It’s not very clear from your question, but I think that you want to convert the date and time string to the same date and wall-clock time in your own time zone, in this case, Asia/Tehran time zone. So a different point in time: near the end of the day in Iran rather than near the end of the day in UTC. And with a colon in the UTC offset.
I am declaring two formatters, one for parsing without colon and one for formatting back with colon:
private static final DateTimeFormatter PARSER = new DateTimeFormatterBuilder()
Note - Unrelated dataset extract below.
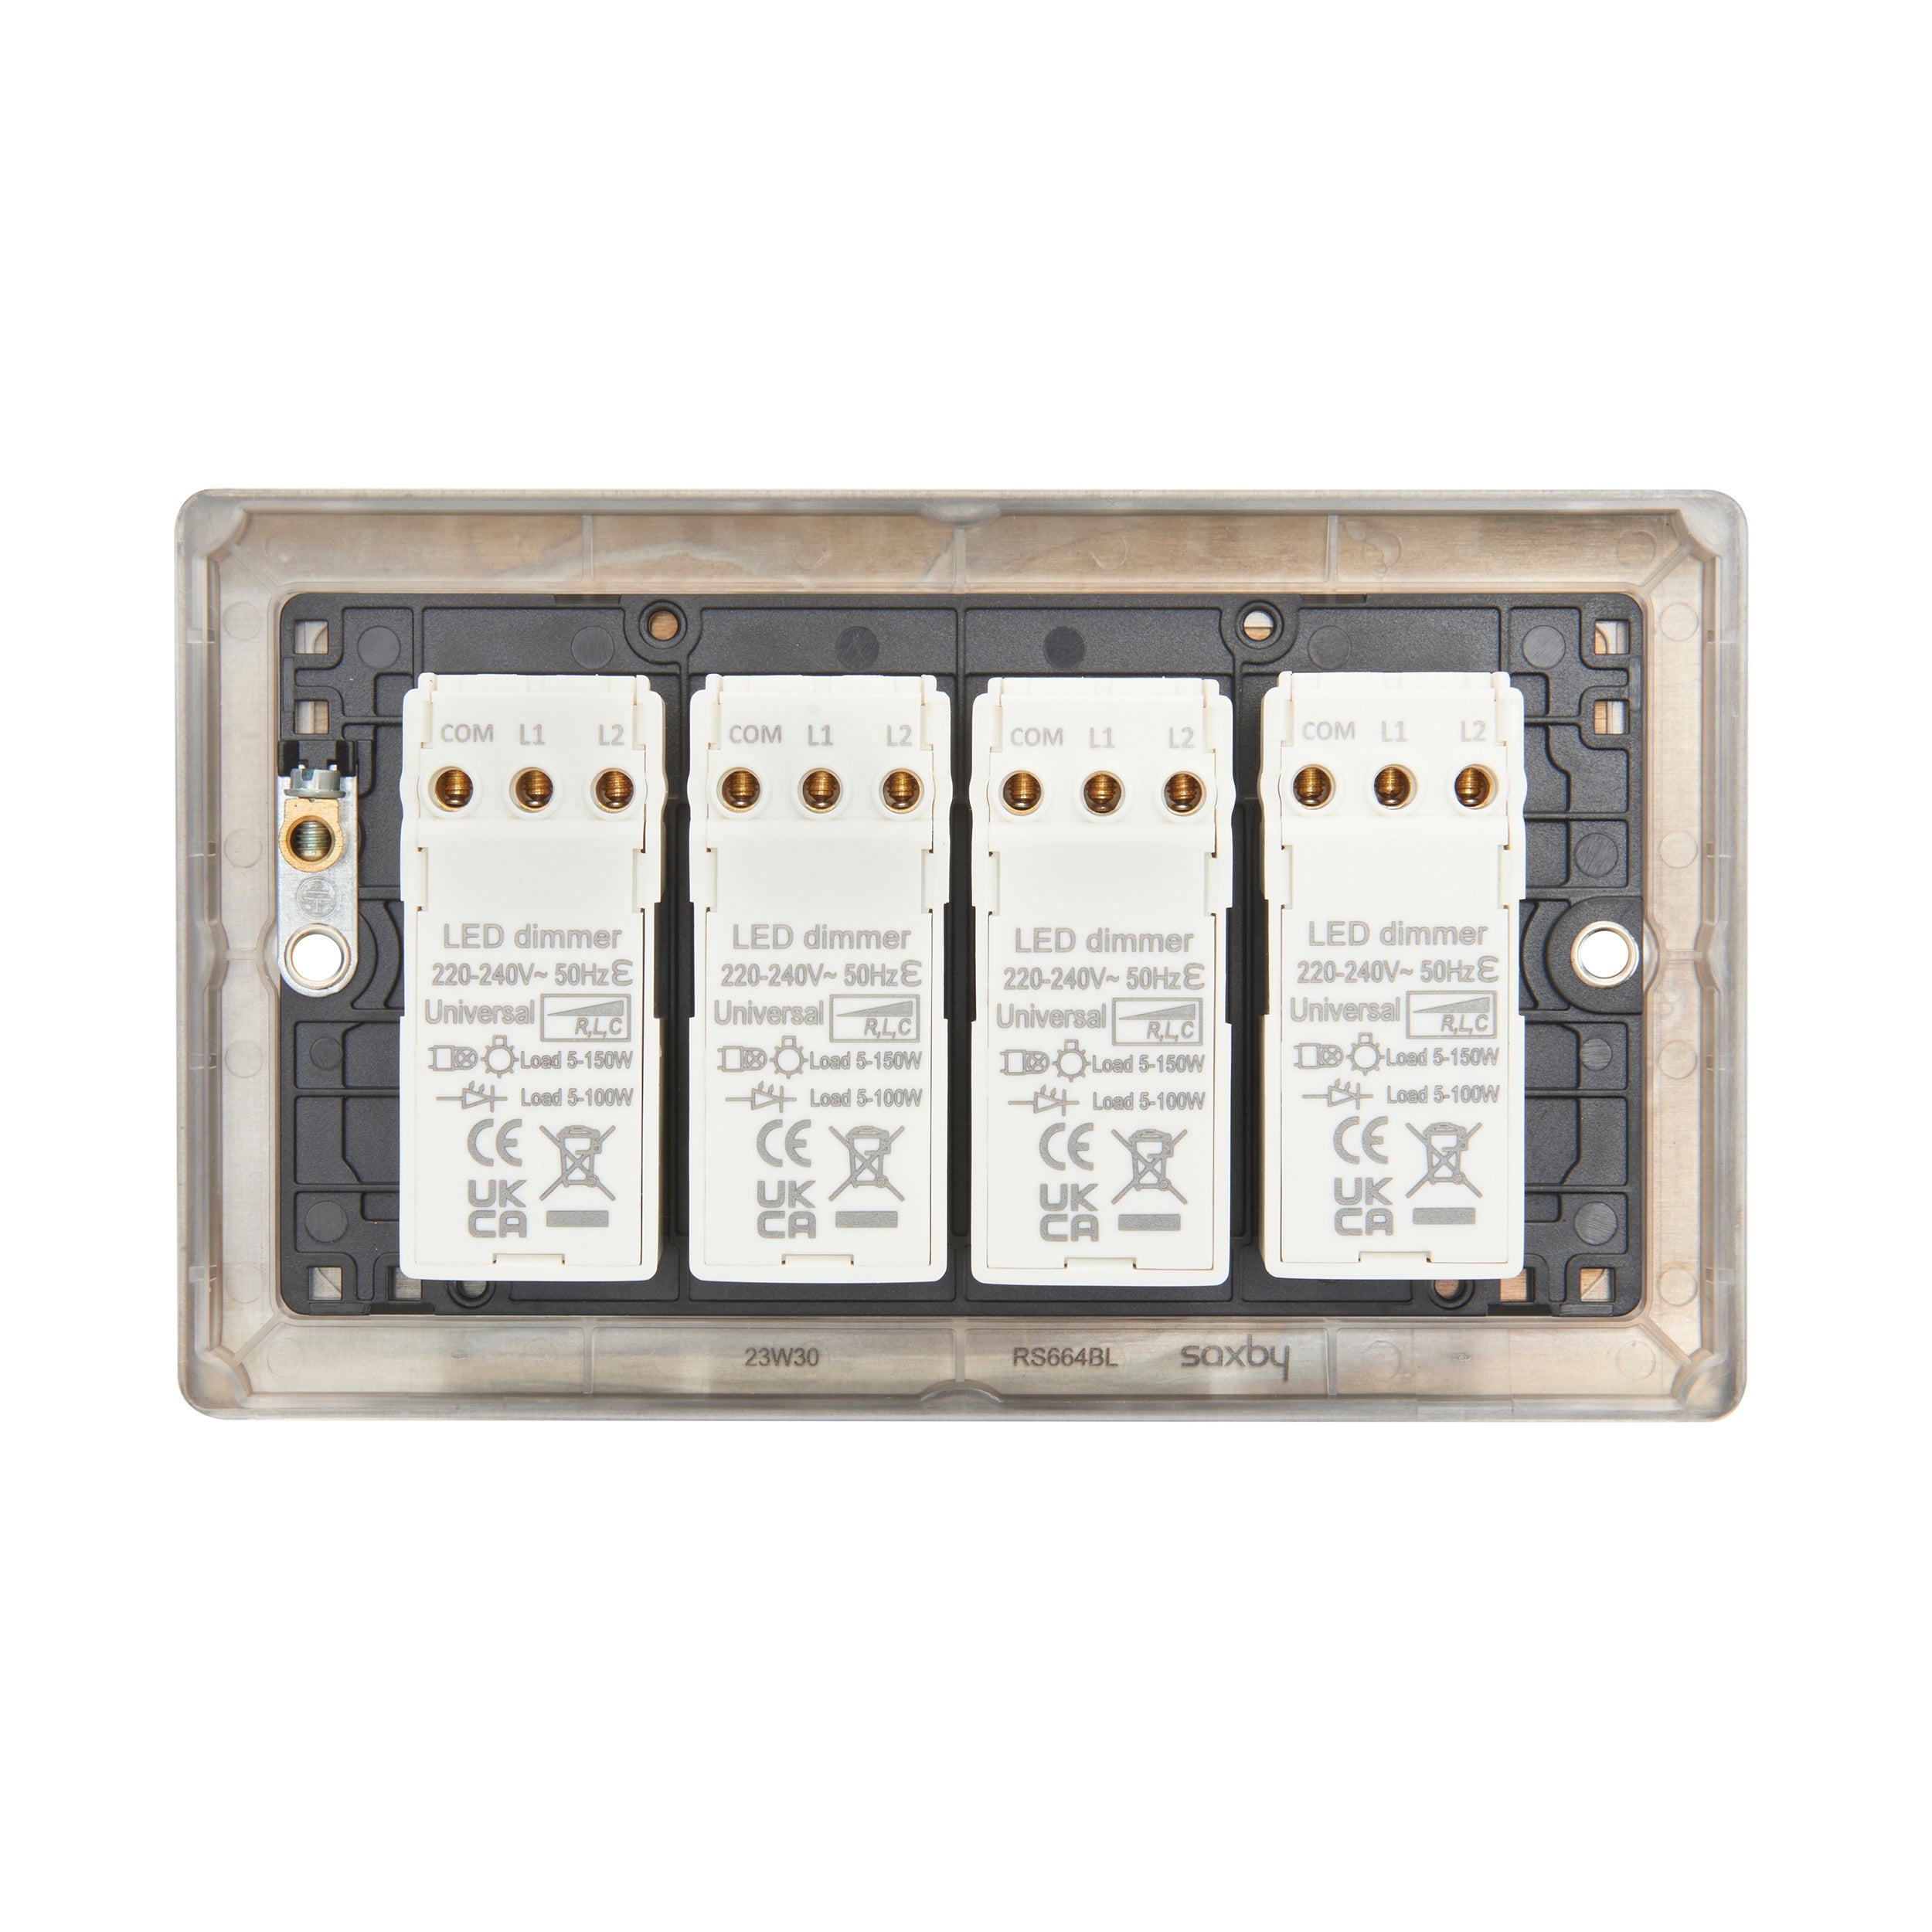 Saxby Raised Screwed 4G LED Dimmer 5-100W - Matt Black RS664BL

.append(DateTimeFormatter.ISO_LOCAL_DATE_TIME)
.appendPattern("xx")
.toFormatter();
private static final DateTimeFormatter PRINTER = new DateTimeFormatterBuilder()
.append(DateTimeFormatter.ISO_LOCAL_DATE_TIME)
.appendPattern("xxx")
.toFormatter();
Now your conversion goes like this:
String deActivationDate = "2021-06-25T23:59:59.000+0000";
OffsetDateTime dateTime = OffsetDateTime.parse(deActivationDate, PARSER);
deActivationDate = dateTime.atZoneSimilarLocal(ZoneId.systemDefault())
.format(PRINTER);
System.out.println("time format printing: " +deActivationDate);
Output is — tested on Java 1.7.0_67 with ThreeTen Backport version 1.3.6:
time format printing: 2021-06-25T23:59:59+04:30
Java knows that Asia/Tehran time zone uses summer time (DST) on June 25, so converts to and prints your desired offset of +04:30. Had the date been in the standard time part of the year, +03:30 would have been printed instead.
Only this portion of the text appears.